Tuesday, March 26, 2019

The Rise and Fall of the Dinosaurs: A New History of Their Lost World

by Steve Brusatte

The author, a paleontologist at the University of Edinburgh, covers hundreds of millions of years of biological history, from the pre-Cambrian to the latest Cretaceous (a fun phrase to say, by the way), explaining in lucid prose the story of the dinosaurs. Brusatte writes with the infectious giddiness of the young geek he still is; his informative chapter on T. Rex in particular is breathless in admiration for "the king." There's almost too much history and discovery for Brusatte to cover, so wide is his scope and excitement. He tells in vivid detail about the two great extinction events (the second, the asteroid that killed the dinosaurs, is confirmed in his account by a layer in the ancient rock of iridium that had to come from outer space). He explains how the ponderous sauropods grew so huge (fast growth, light bones, and most interestingly their birdlike lungs, which allowed them to take in both oxygen on inhalation and exhalation). He discusses the unfortunate and bizarre episode known as the "Bone Wars," in which eccentric 19th-century natural scientists Edward Drinker Cope and Othniel Charles Marshand (they had such great names back then) let their rivalry for glory overcome their desire for scientific advancement. Brusatte also makes clear the now accepted theory that birds are dinosaurs.

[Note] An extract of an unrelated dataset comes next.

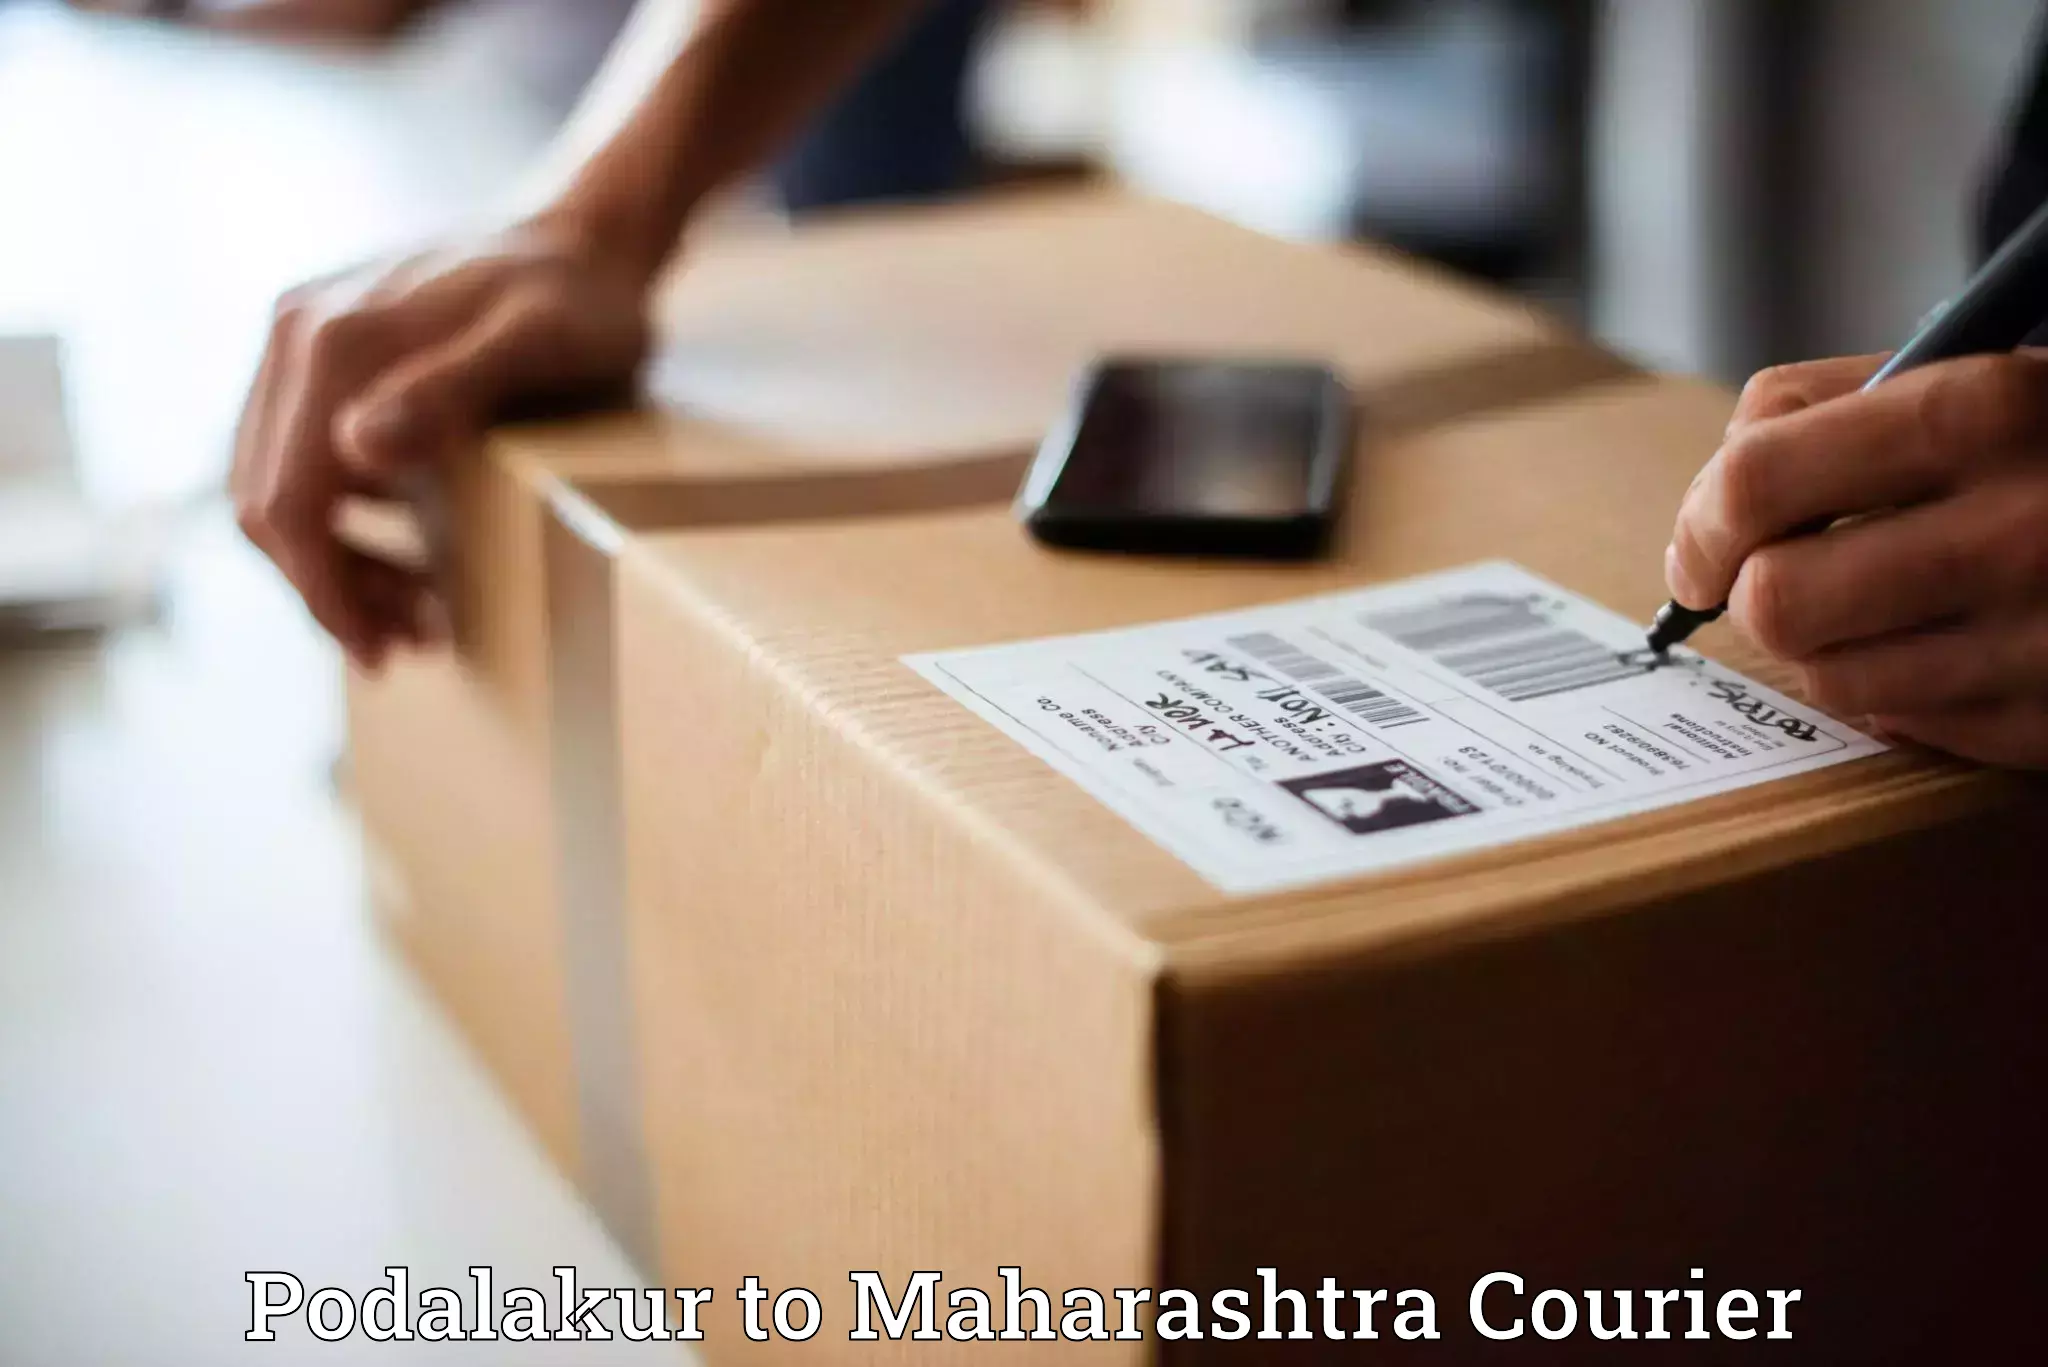 Tech-enabled shipping Podalakur to Mahagaon

Considering the vastness of the subject and the amount of explanation required to lay everything out for the layman (including the required background knowledge on Pangaea, climate change, evolutionary adaption), this is a brilliantly written book. Sometimes Brusatte's excitable authorial voice made me wish he would slow down and lay things out a bit more slowly. He also spends valuable page time on very brief biographies of some of the paleontologists across China, Eastern Europe, and America whom Brusatte admires and works with – all fine people, I am sure, but I really don't care if one affects dandy clothes and listens to the Doors or if another loves to dance at techno clubs. I also would have liked a more in-depth look into the best guess on why only bird-dinosaurs survived the asteroid and not a single other true dinosaur species, while reptiles and mammals did. Still, these are minor complaints; Brusatte's book is probably the best complete overview of what the world of the dinosaurs was like.